=== THE TASK ===
Leave the images out. Give every line below again, precisely.

=== DATA EXCERPT ===
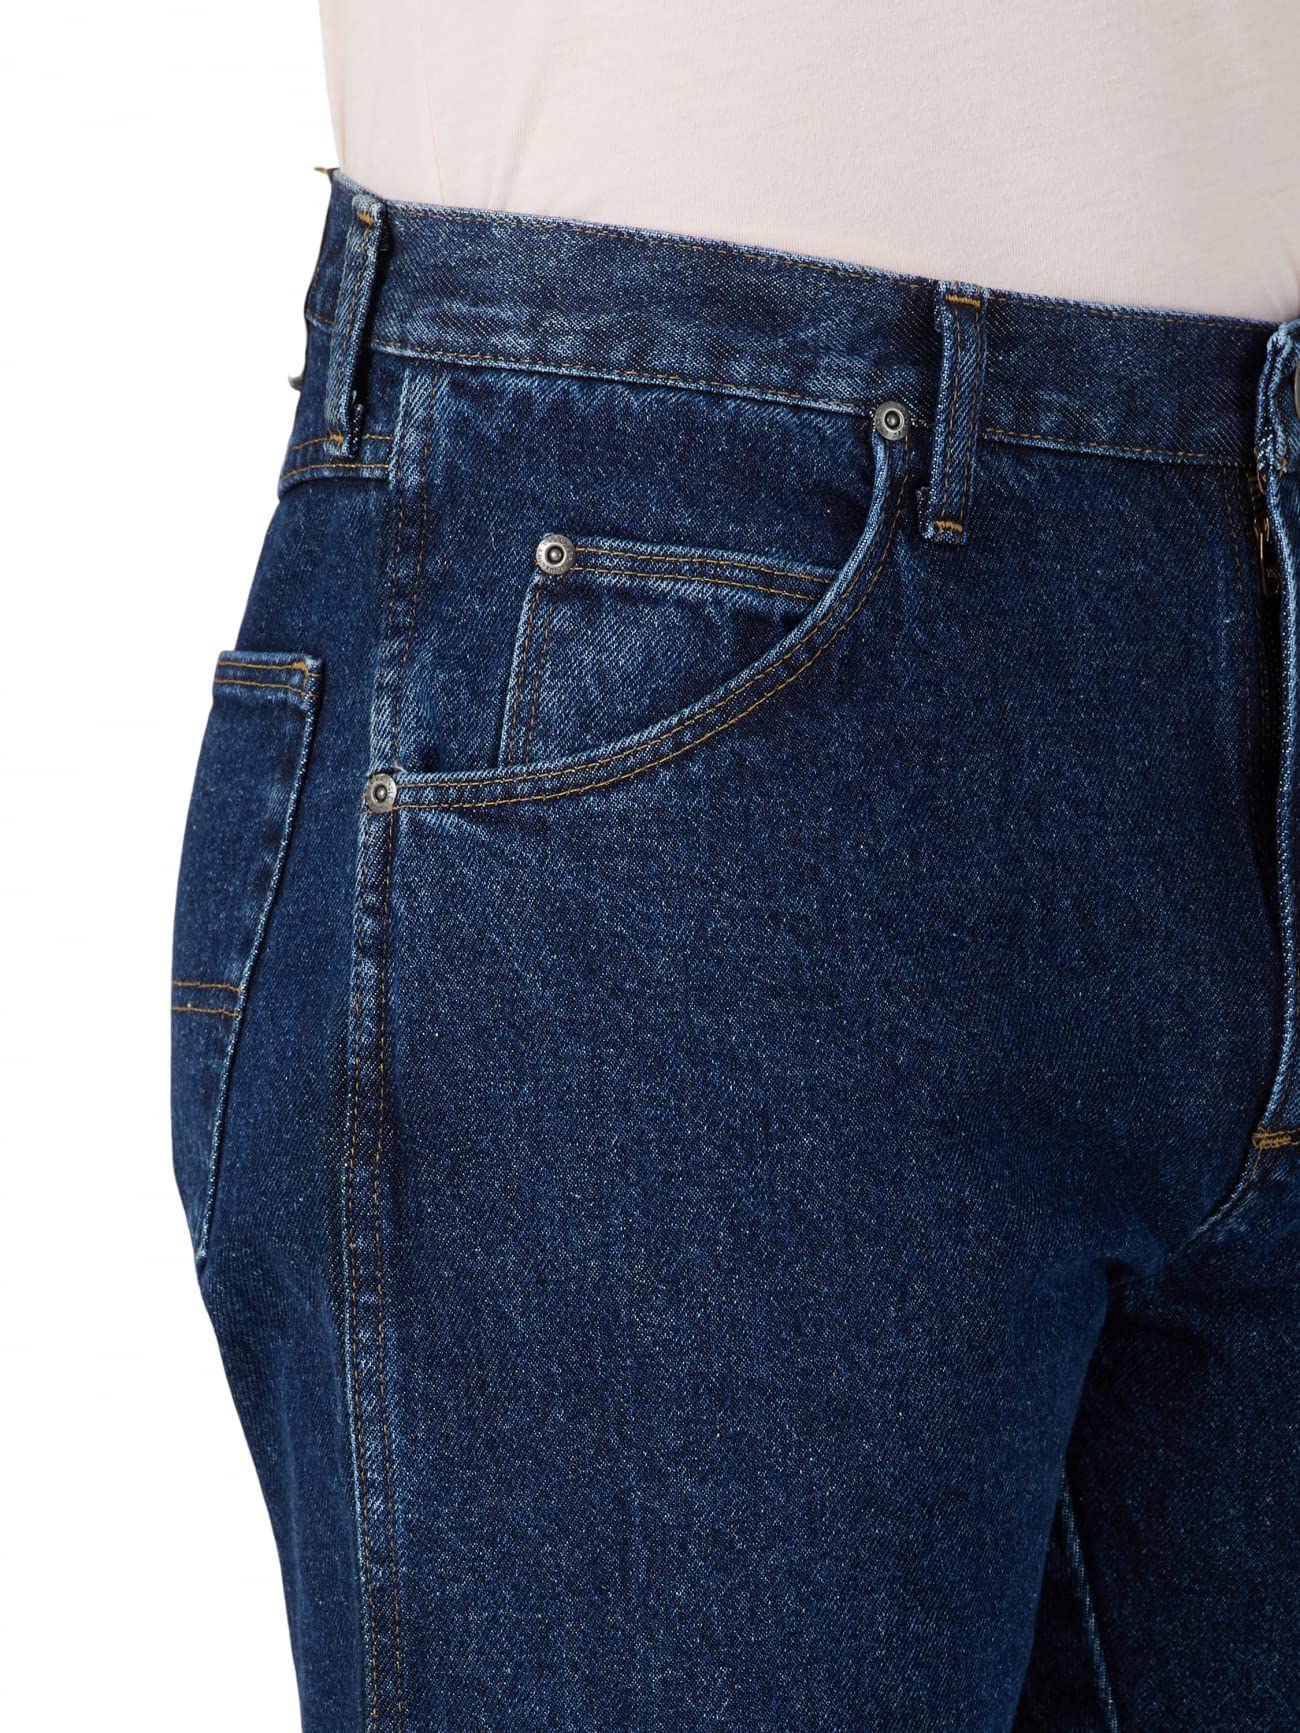 Wrangler Authentics Men's Classic 5-Pocket Regular Fit Cotton Jean, Dark Rinse, 38W x 32L
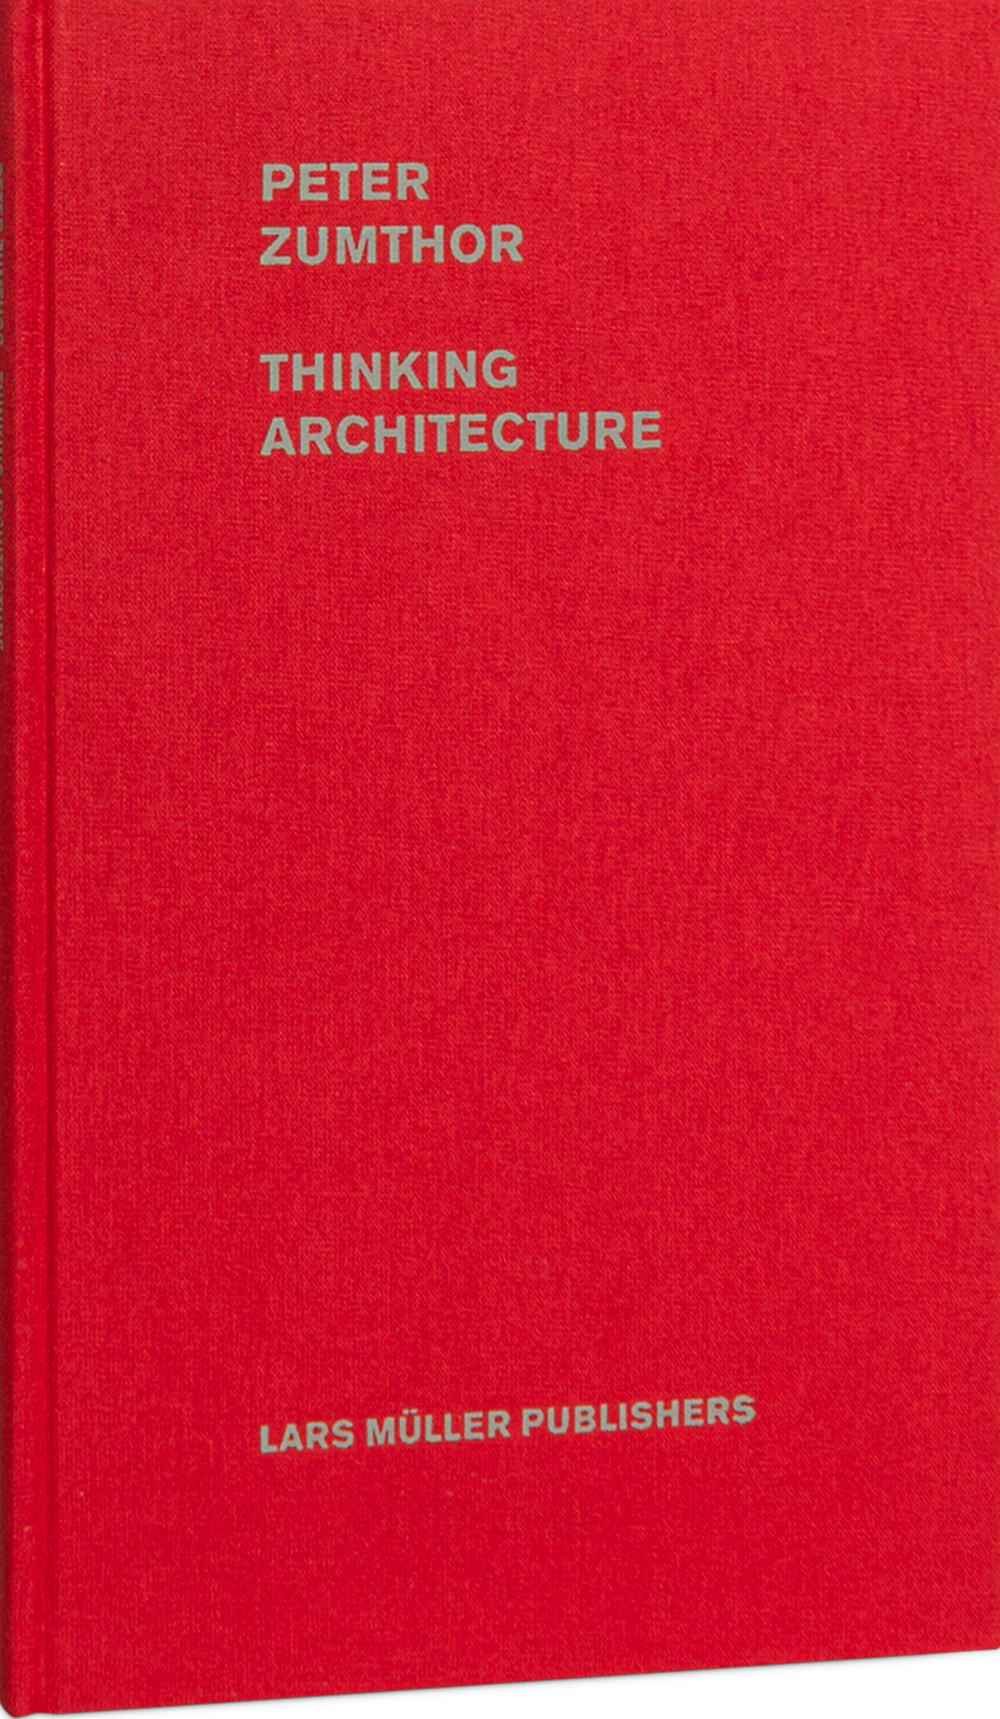 Thinking Architecture | Lars Müller Publishers
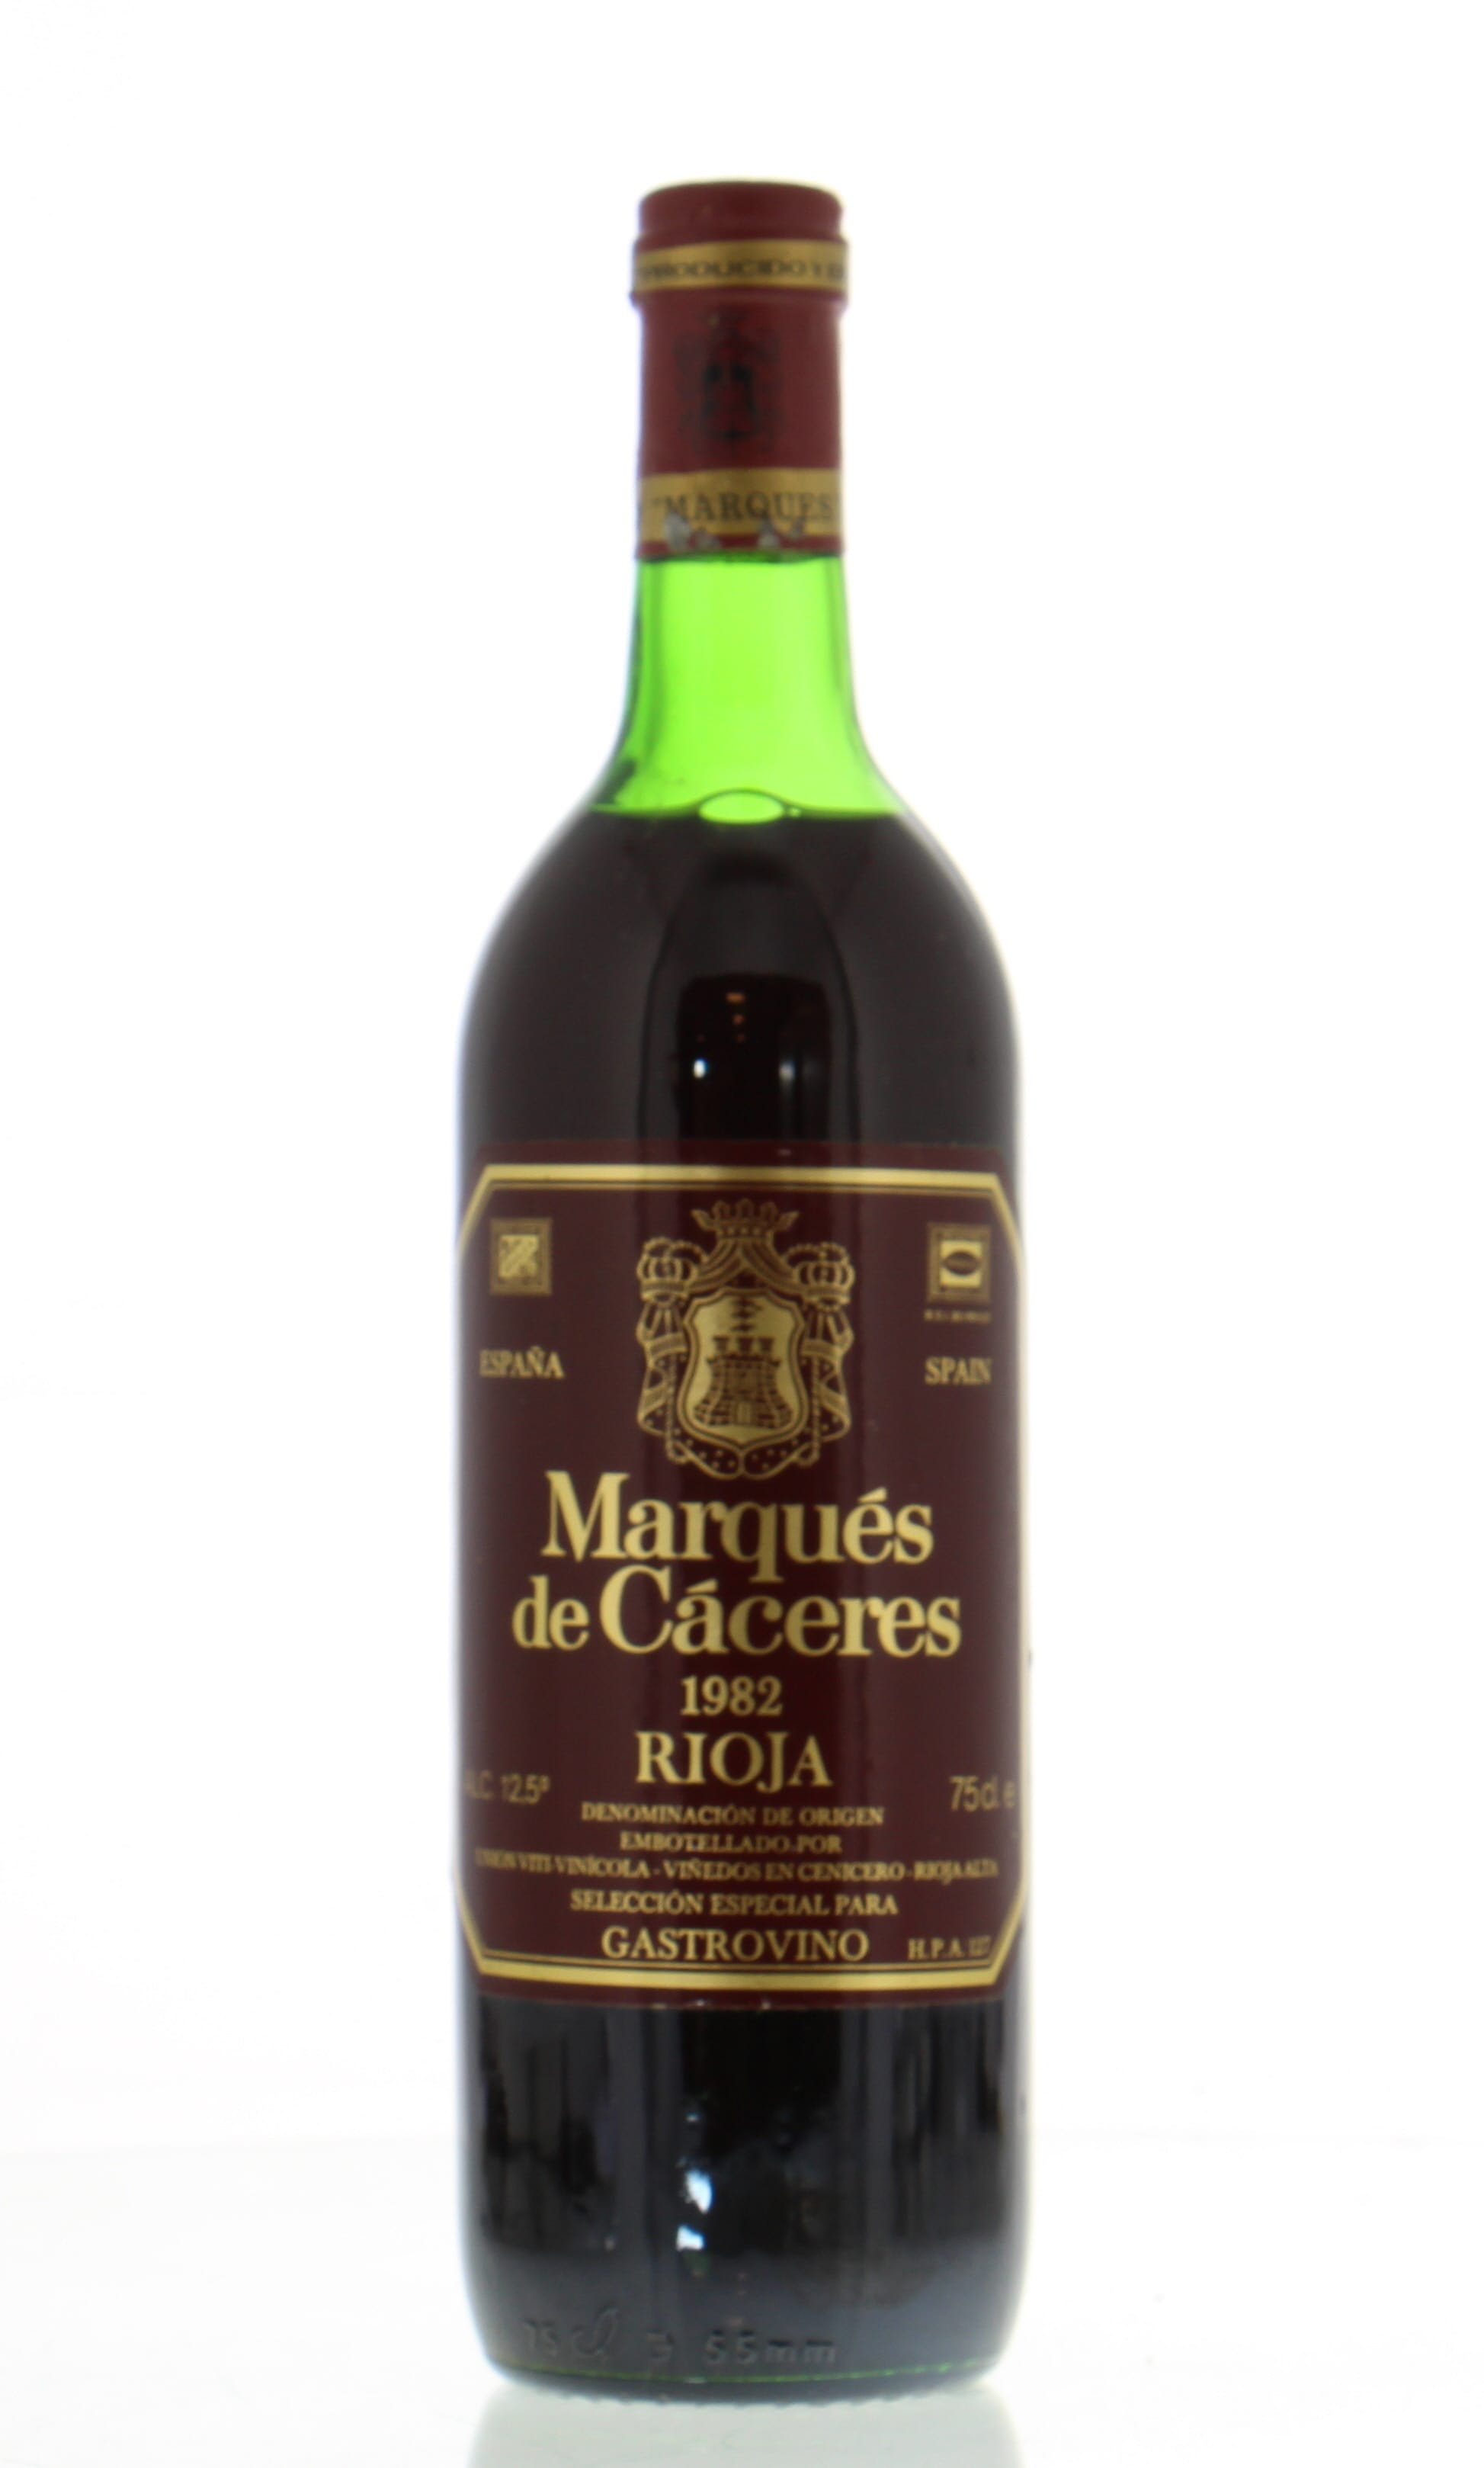 Marques de Caceres - Rioja 1982

=== SOLVED EXERCISE ===
 Wrangler Authentics Men's Classic 5-Pocket Regular Fit Cotton Jean, Dark Rinse, 38W x 32L
 Thinking Architecture | Lars Müller Publishers
 Marques de Caceres - Rioja 1982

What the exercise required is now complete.